Our Emotions as Seen through a Webcam

  • Natalie Sommer
  • Leanne Hirshfield
  • Senem Velipasalar
Part of the Lecture Notes in Computer Science book series (LNCS, volume 8534)


Humanity’s desire to enable machines to “understand” us drives research that seeks to uncover the mysteries of human beings and of their reactions. That is because a computer’s ability to correctly classify our emotions will lead to an enhanced experience for a user. Making use of the eye of the computer, a webcam, we can acquire human reaction data through the acquisition of facial images in response to stimuli. The data of interest in this research are changes in pupil size and gaze patterns in conjunction with classification of facial expression. Although fusion of these measurements has been considered in the past by Xiang and Kankanhalli [14] as well as Valverde et al. [15], their approach was quite different from ours.
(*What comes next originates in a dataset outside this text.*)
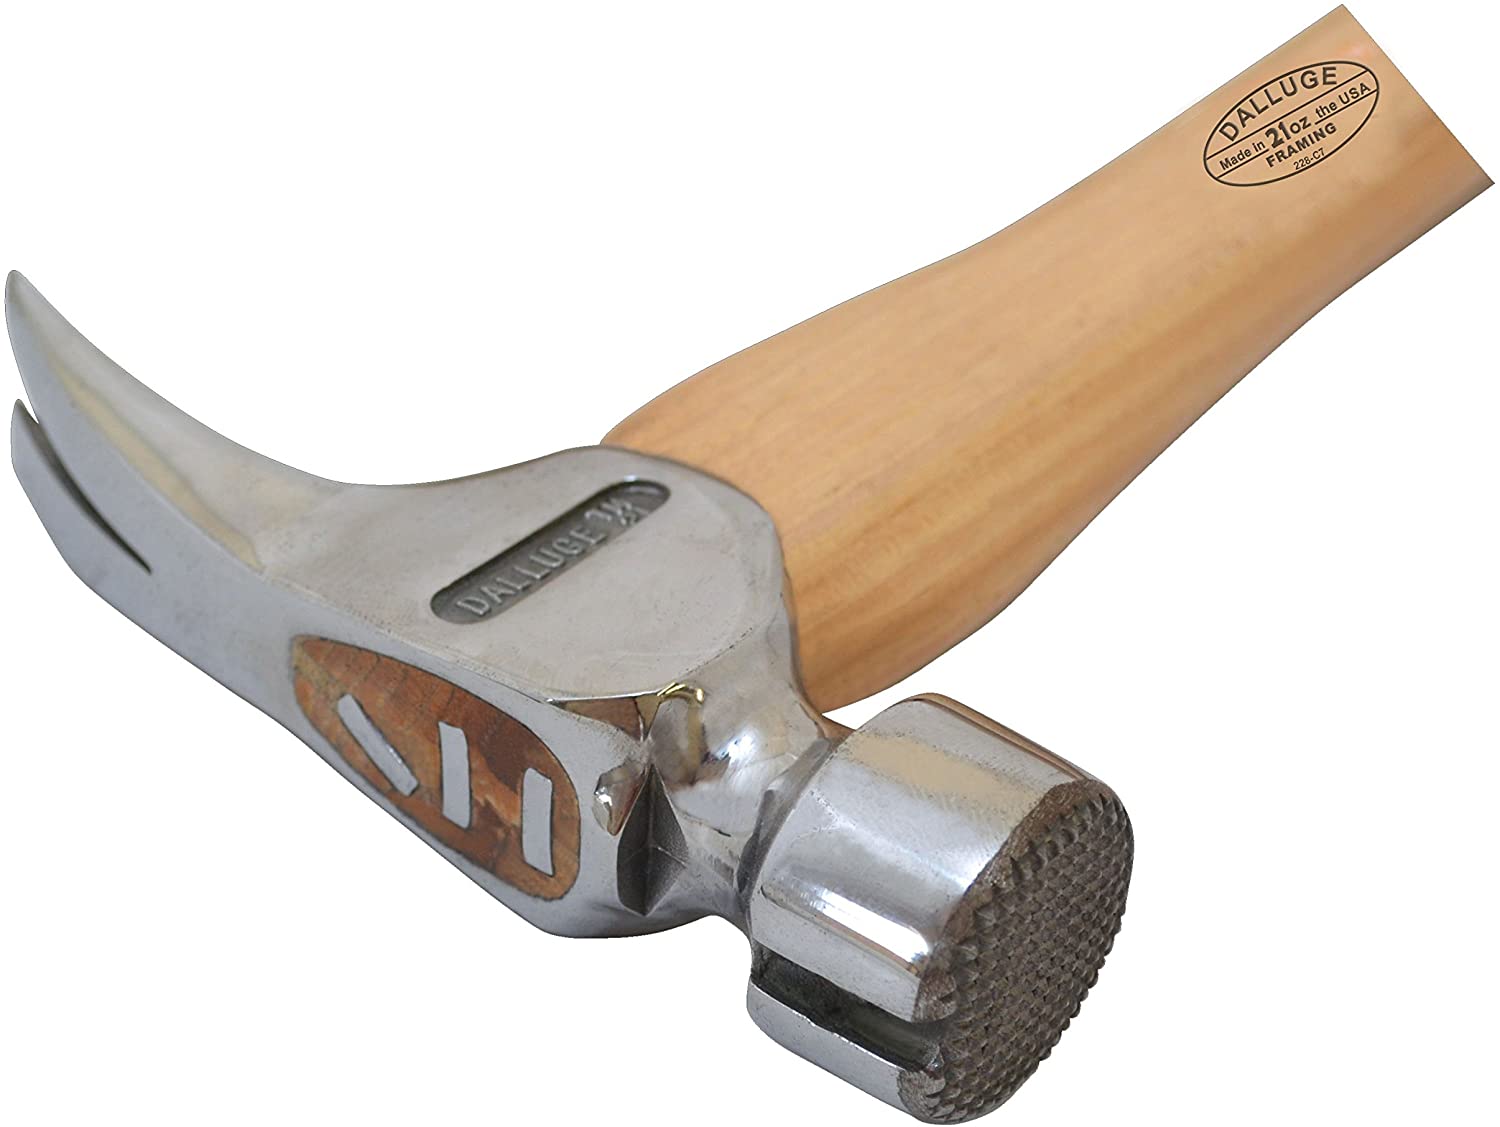 Dietzgen No 4209 Drafting Brush 14.5 in long, Wooden handle 100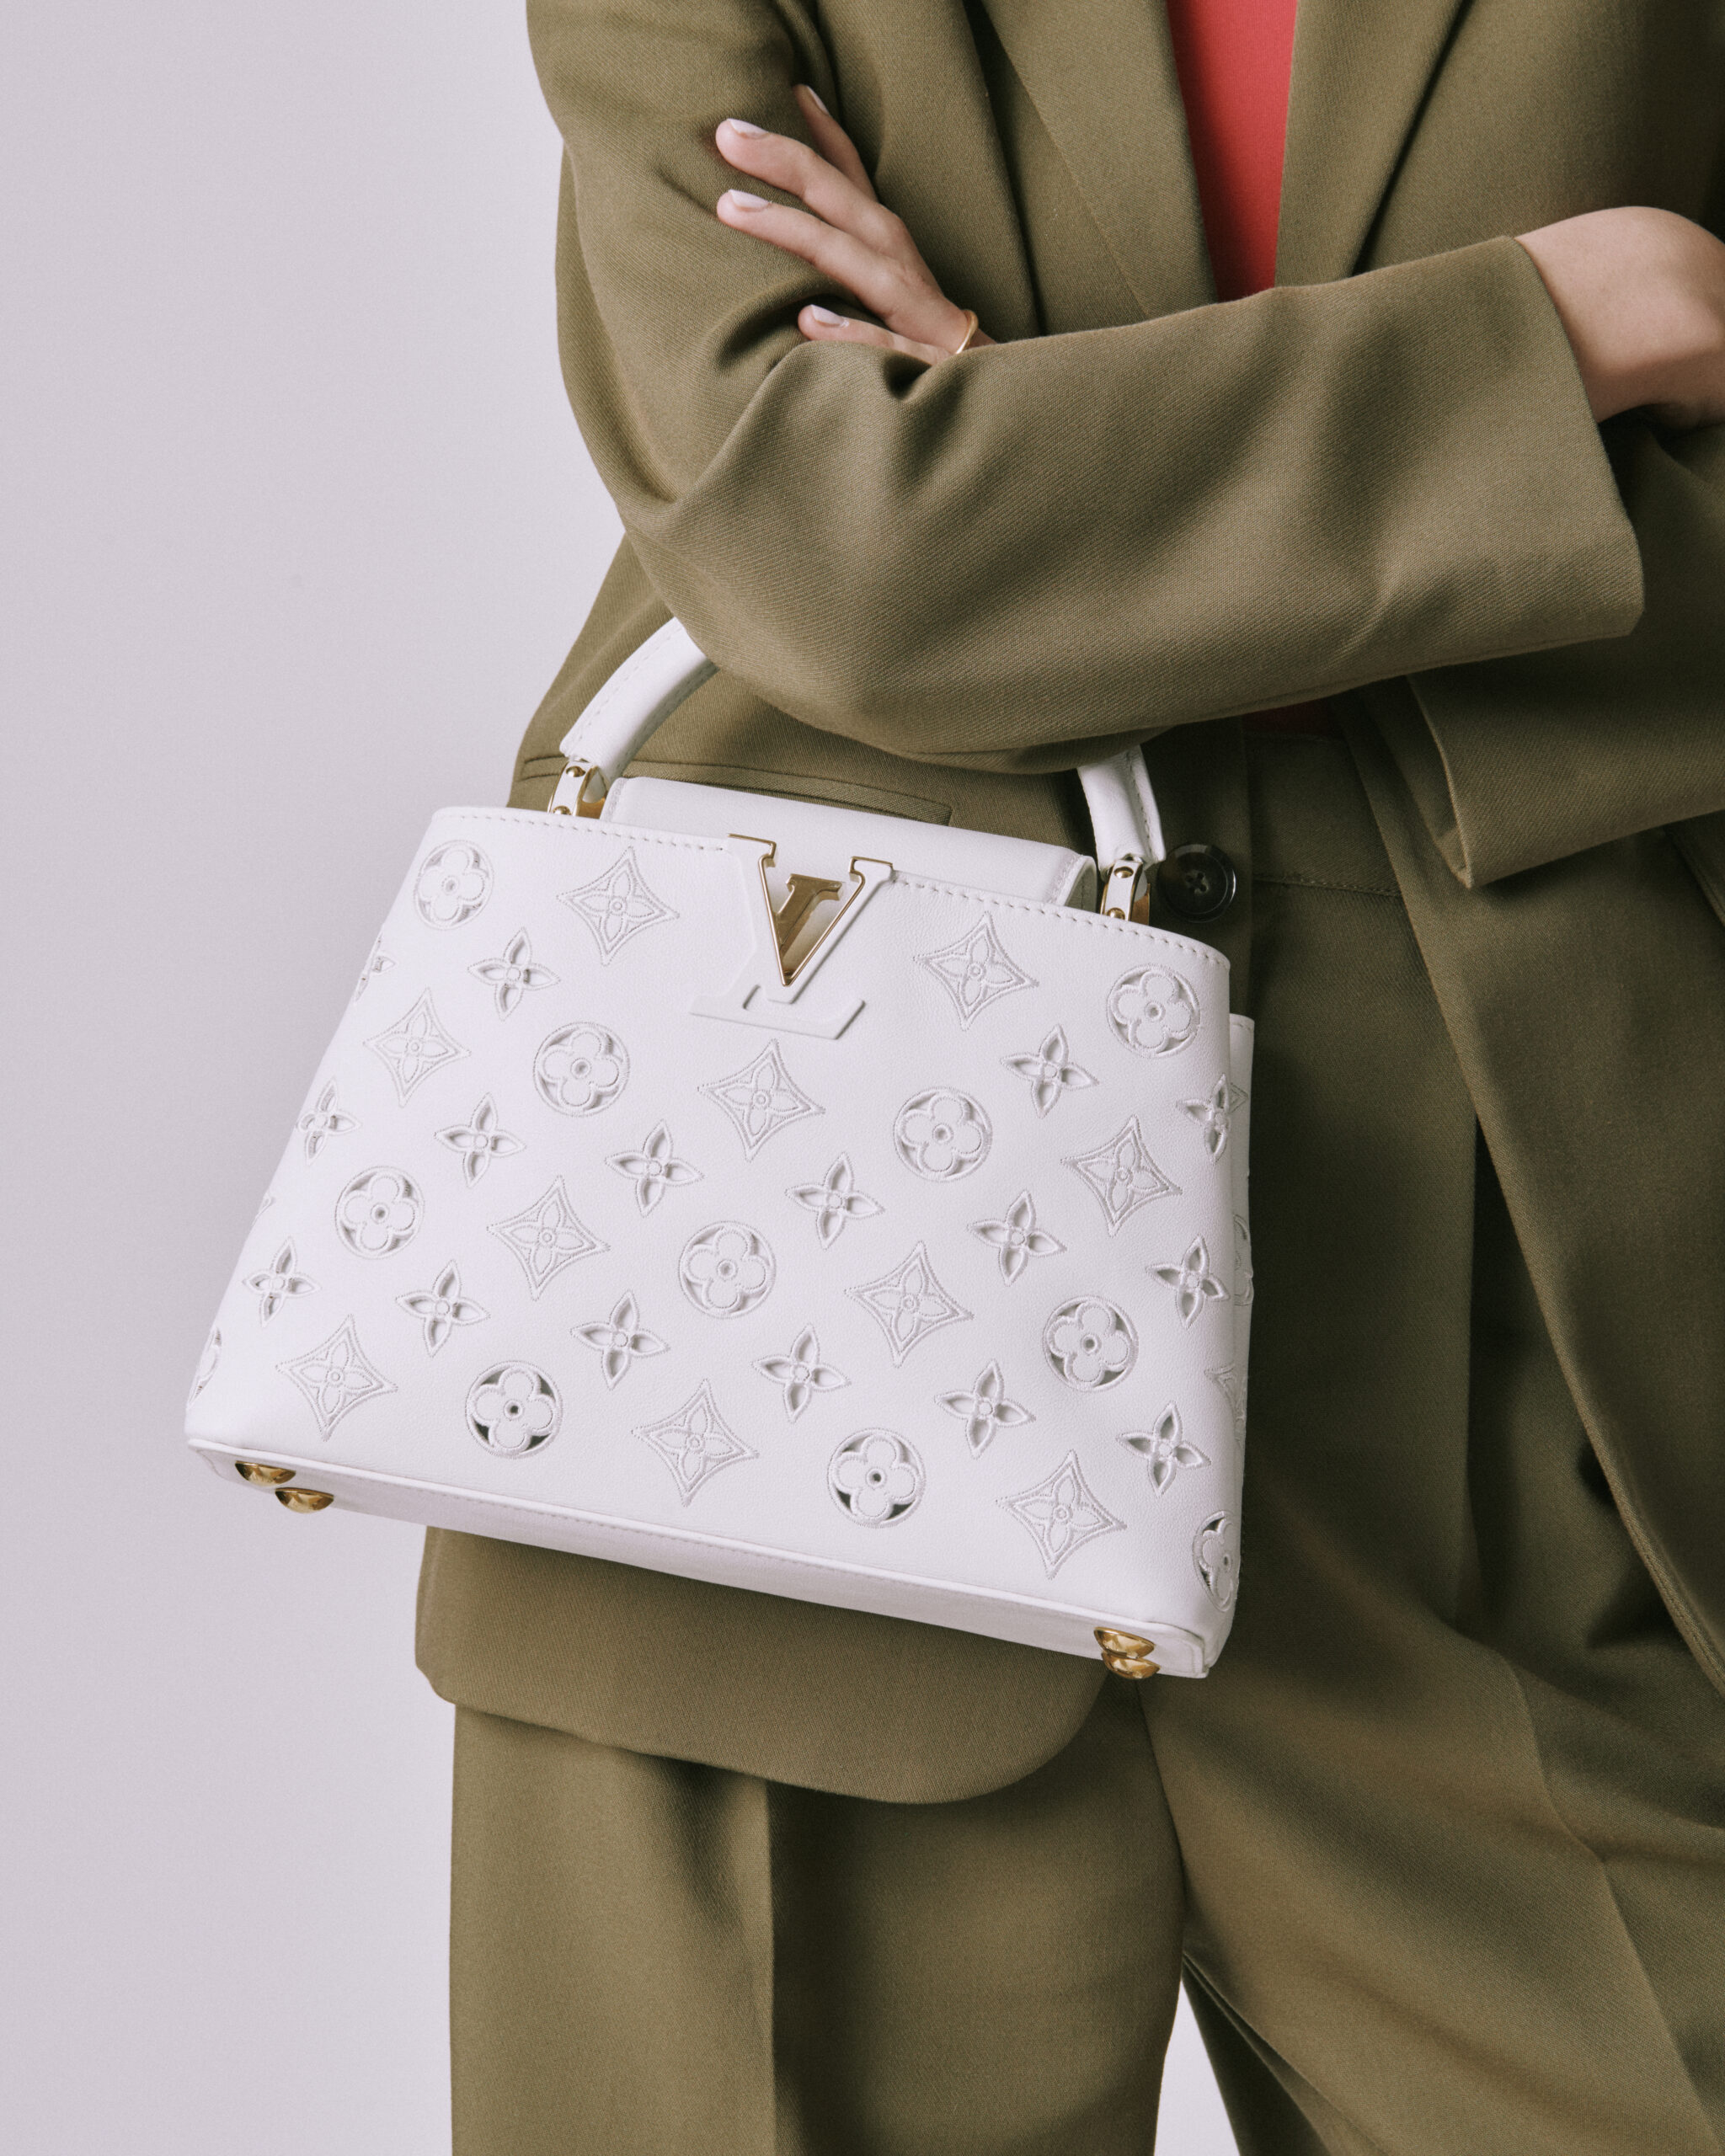 Uncover The Top Louis Vuitton Handbag Styles - The Vault

Both groups used a multimodal set-up: an eye tracker alongside a webcam and the stimulus was visual. A novel approach is to avoid costly eye trackers and rely on images acquired only from a standard webcam to measure changes in pupil size, gaze patterns and facial expression in response to auditory stimuli. The auditory mode is often preferred since luminance does not need to be accounted for, unlike visual stimulation from a monitor. The fusion of the information from these features is then used to distinguish between negative, neutral and positive emotional states. In this paper we discuss an experiment (n = 15) where the stimuli from the auditory version of the international affective picture system (IAPS) are used to elicit these three main emotions in participants. Webcam data is recorded during the experiments and advanced signal processing and feature extraction techniques are used on the resulting image files to achieve a model capable of predicting neutral, positive, and negative emotional states.


Facial Expression Emotion Recognition Pupil Size International Affective Picture System Left Pupil 
These keywords were added by machine and not by the authors. This process is experimental and the keywords may be updated as the learning algorithm improves.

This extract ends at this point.